Lina blinked. “You’re… not angry?”

“I was five minutes ago,” he said. “But this feels more personal.”

She winced. “I promise I don’t usually attack strangers with caffeine.”

“That’s comforting.” He smiled at her, the kind that arrived slowly, as if he was deciding whether the moment deserved it. “I’m Theo.”

“Lina.” She gestured helplessly at his coat. “I’ll pay for cleaning. Or replacement. Or emotional damages.”

Theo considered. “How do you feel about buying me another coffee instead? One that doesn’t fly.”

Relief flooded her so fast she almost laughed too. “Deal. Sit. I’ll fix this.”

They sat at a small table by the window, where the city moved like it was pretending not to watch them. Lina returned with two cups—carefully this time—and slid one toward him.

“For the record,” Theo said, “this is already the most interesting part of my day.”

“That makes one of us,” Lina muttered, still mortified.

He tilted his head. “Rough morning?”

“Rough personality,” she corrected. “It follows me.”

Theo smiled into his cup. “I have one of those. Mine mostly manifests as overthinking and avoiding phone calls.”

“Mine manifests as apologizing to furniture.”

They shared a quiet laugh—small, unplanned, comfortable.

Lina noticed things she hadn’t meant to: how Theo held his cup like it might escape, how he listened without waiting for his turn to talk, how he didn’t check his phone once. These were not dramatic observations. They were ordinary. Which somehow made them feel dangerous.

“So,” Theo said, “do you come here often, or is today a special performance?”

“I live nearby,” Lina said. “This café is my… emotional support building.”

Theo nodded gravely. “Valid. I come here to avoid my apartment.”

“Roommates?”

“Myself,” he said. “I leave notes everywhere and still forget what I was doing.”

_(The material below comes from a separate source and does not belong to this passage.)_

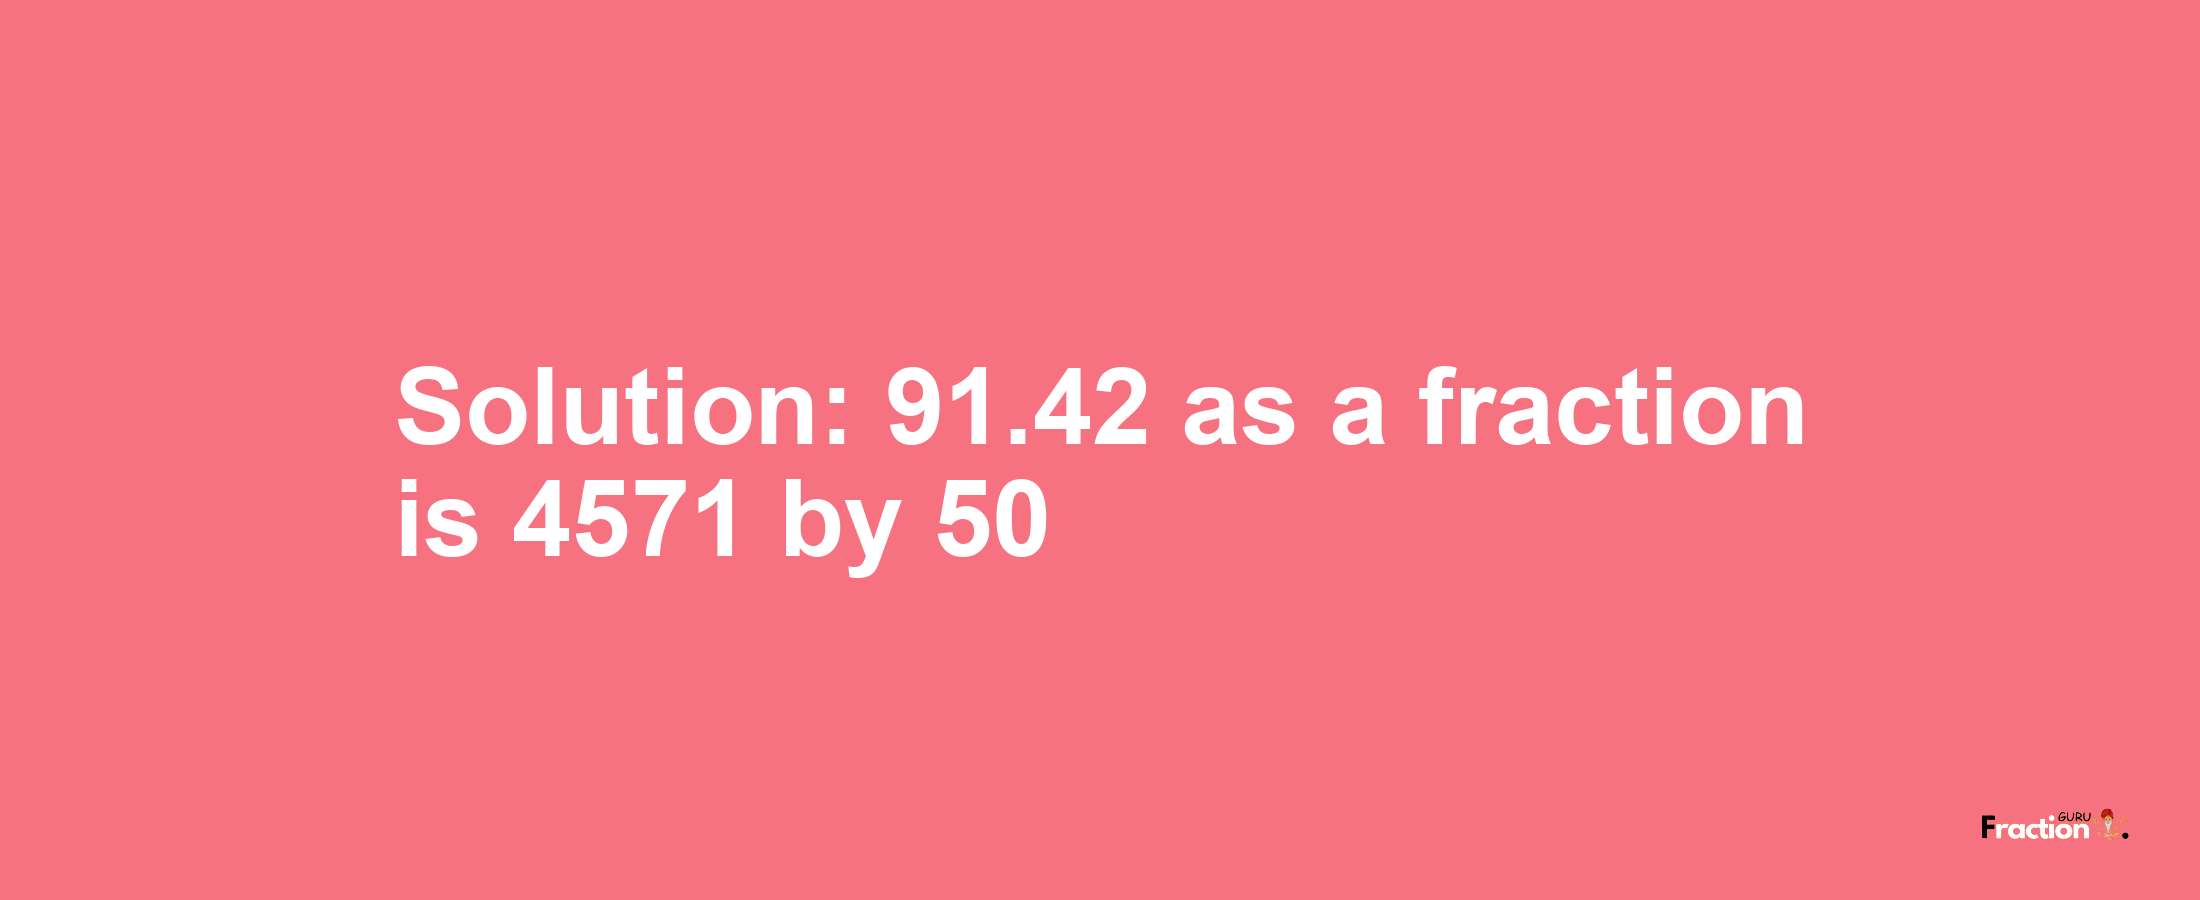 Solution:91.42 as a fraction is 4571/50

Lina laughed, surprised at how easy it felt.

They talked longer than expected. About bad habits, about favorite pastries, about how both of them pretended they liked mornings more than they did. When the conversation finally slowed, it wasn’t awkward—it just settled, like it didn’t mind being quiet.

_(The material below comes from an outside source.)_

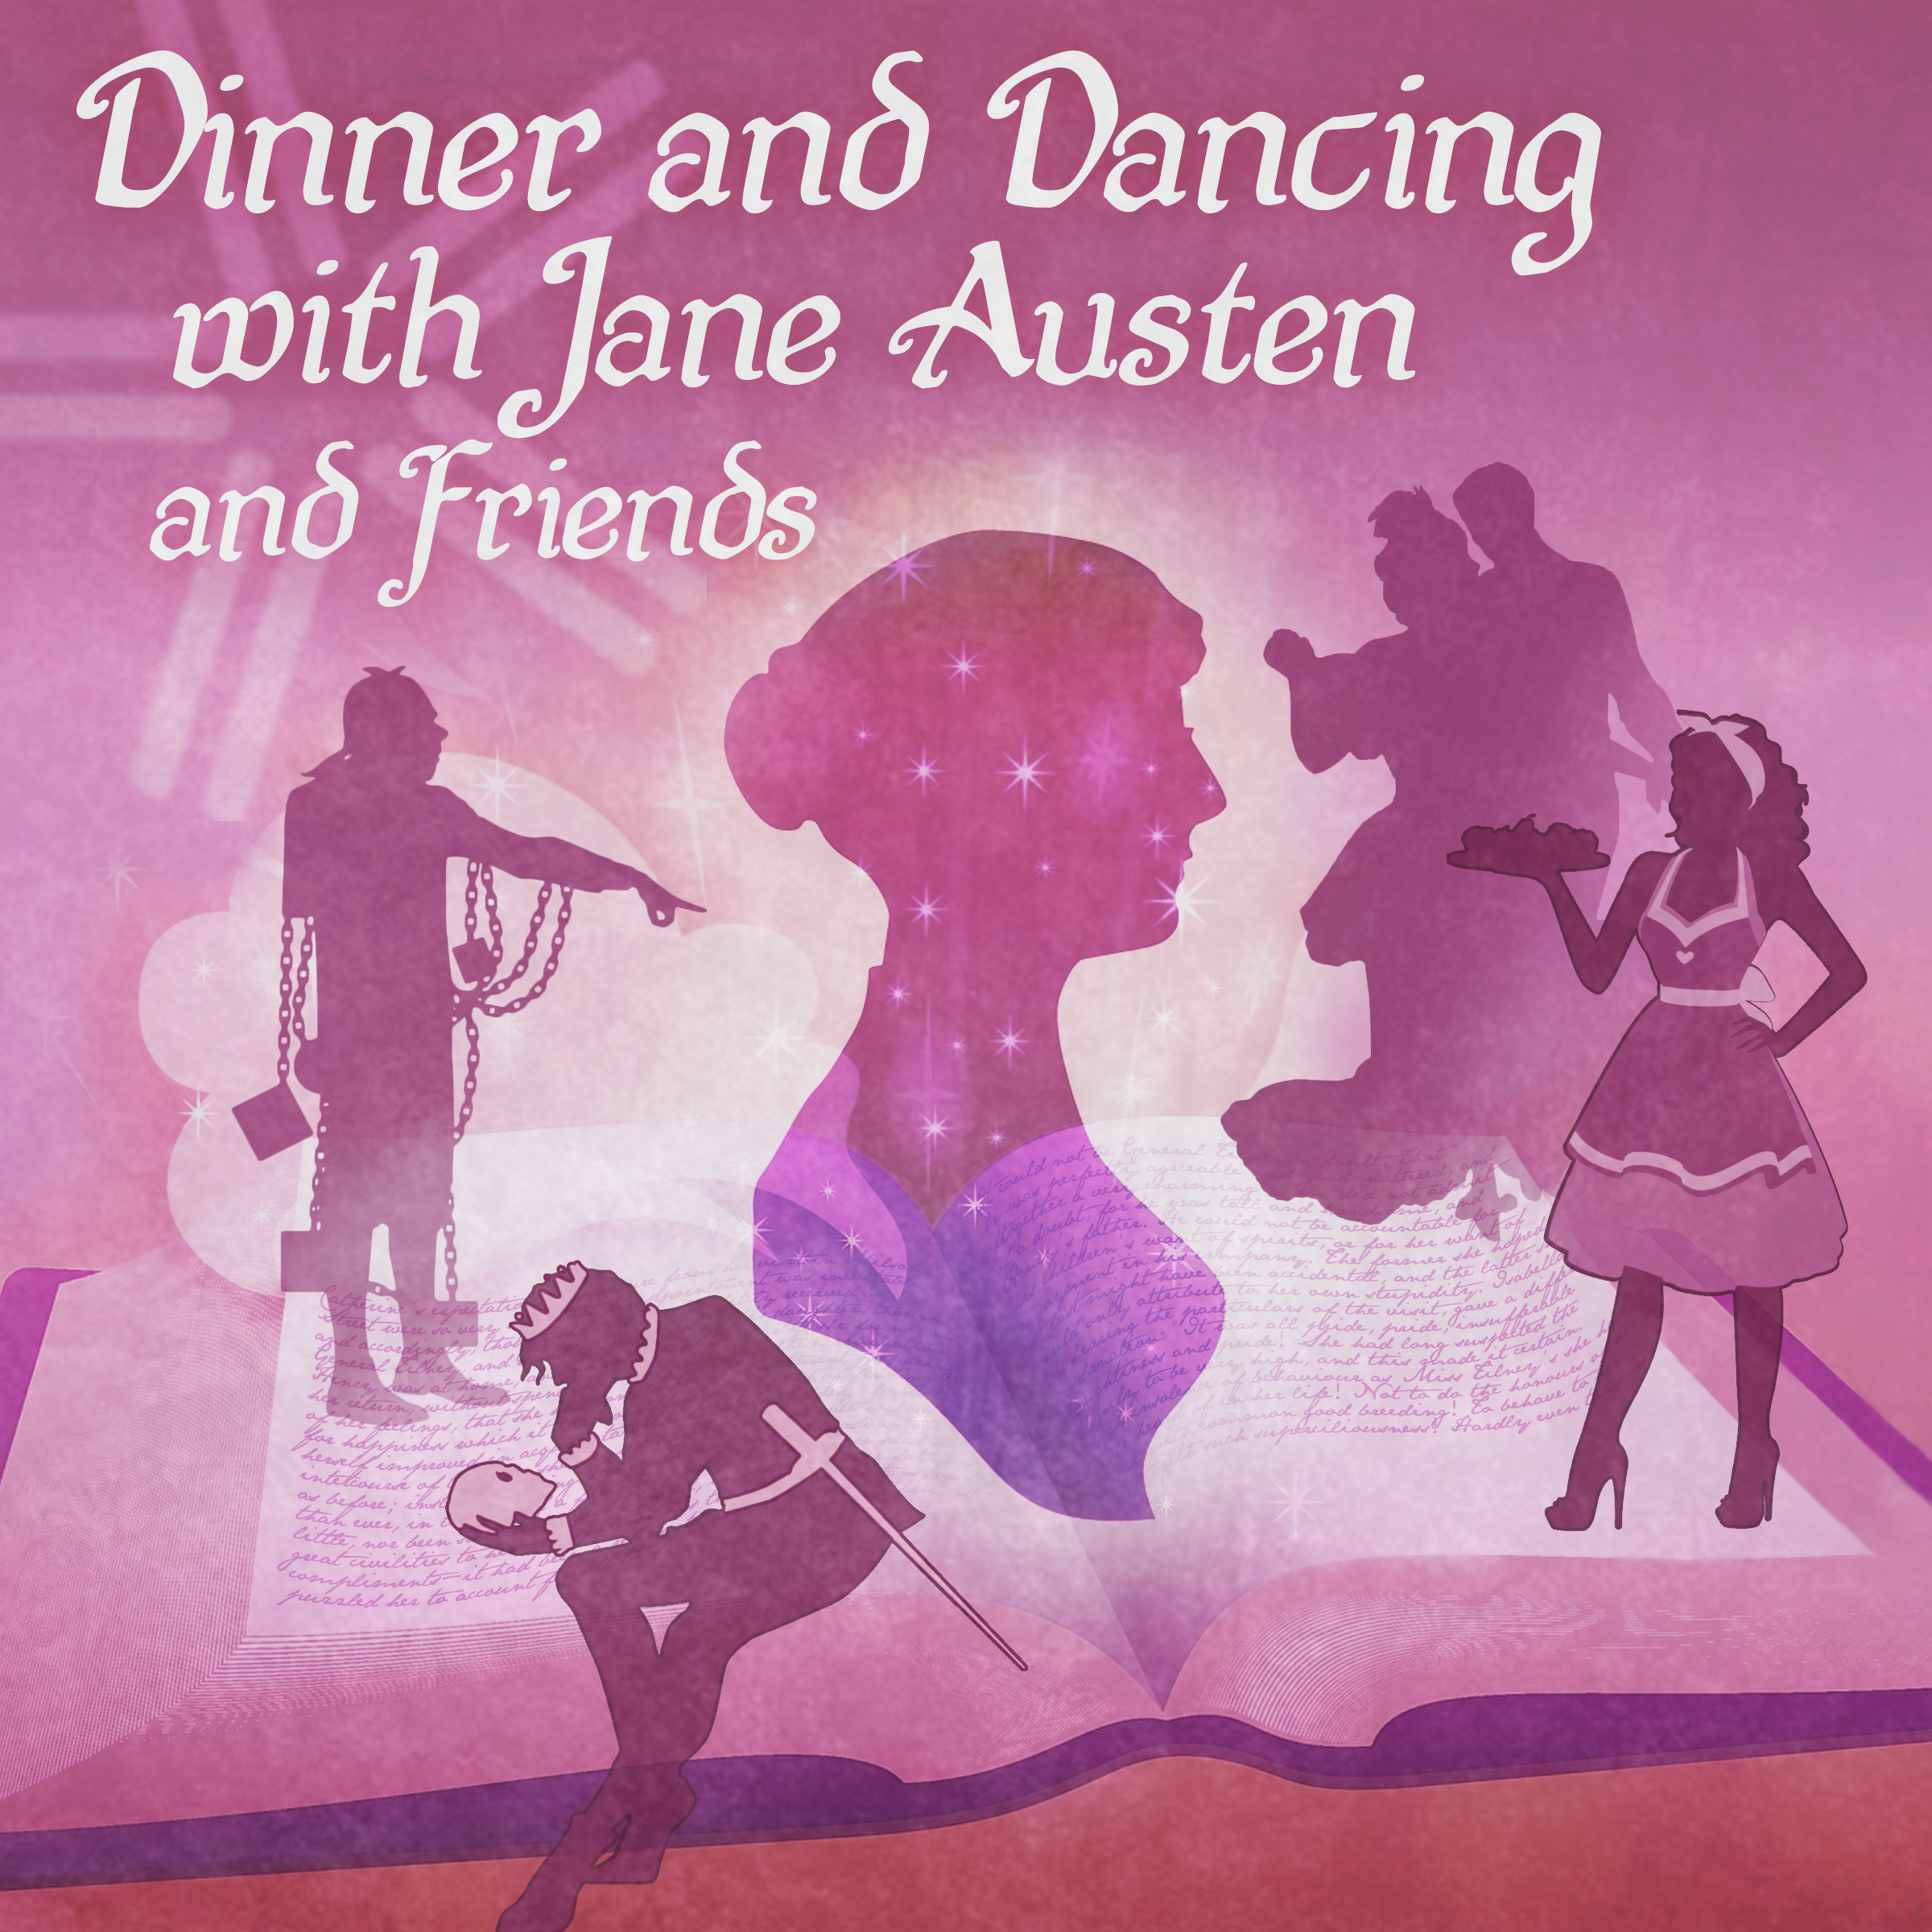 Dinner and Dancing with Jane Austen and Friends

Theo glanced at the clock and sighed. “I should go. I have a meeting that will pretend to be important.”

Lina nodded, suddenly aware of a small disappointment she hadn’t agreed to feel. “Right. Of course.”

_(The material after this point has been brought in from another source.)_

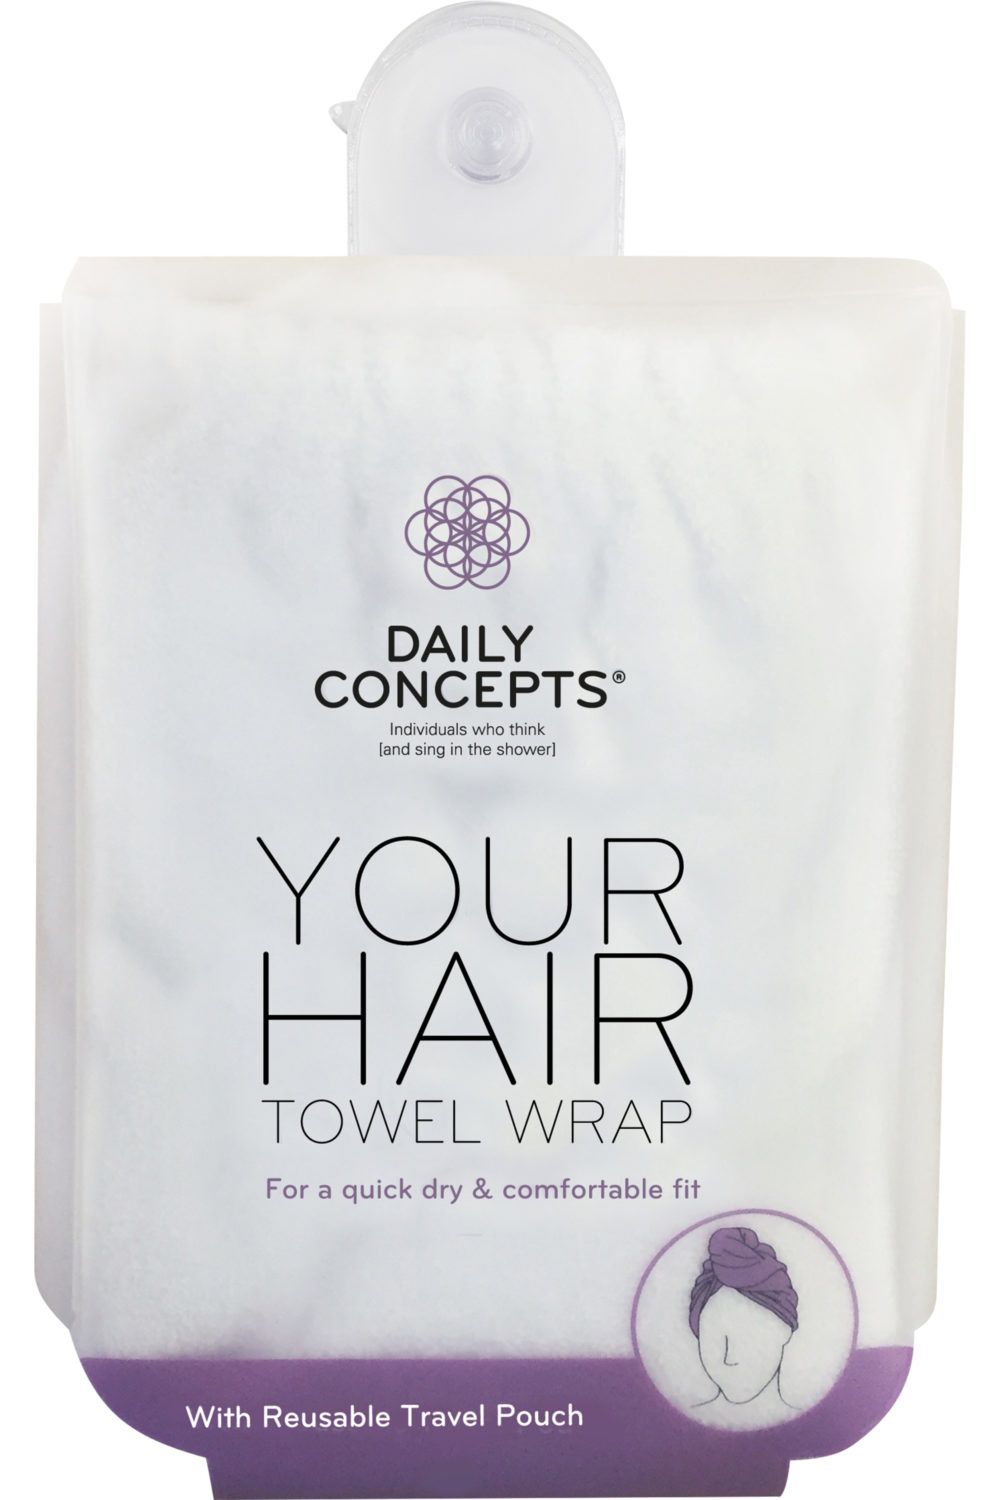 Daily Concepts - Your Hair Towel Wrap

He stood, hesitated, then pulled a pen from his pocket. On a napkin, he wrote something and slid it toward her.

“Just in case you ever feel like apologizing again,” he said lightly.

It was his number.

Lina stared at it like it might evaporate.

“Thank you,” she said, trying to sound normal and failing slightly.

Theo smiled. “Thank you for the coffee assault.”

He left, coat still damp, posture lighter than when he’d arrived.

Lina sat there for another minute, staring at the napkin.

Then she folded it carefully and put it in her bag like it was something fragile.


That evening, Lina found herself standing in front of her mirror, holding her phone, arguing with herself.

Don’t text him.

Text him casually.

What is casual?

Is three hours too soon?

Her phone buzzed.

A message.

Theo:

So. I just realized my coat smells like espresso and optimism.

Thought you should know.

Lina laughed out loud.

She typed back.

Lina:

Optimism was unintentional. Espresso was not.

Three dots appeared.

Disappeared.

Reappeared.

Theo:

Would you like to accidentally improve my day again sometime?

Lina leaned back against the counter, smiling at nothing.

Lina:

Only if you promise not to wear beige.


Later that night, Lina lay in bed, staring at the ceiling.

Nothing extraordinary had happened.

No sweeping gestures.

No dramatic music.

Just coffee, laughter, and the quiet sense that something small had shifted—something that didn’t ask permission or make promises.

And somehow, that felt like exactly the right way for it to begin.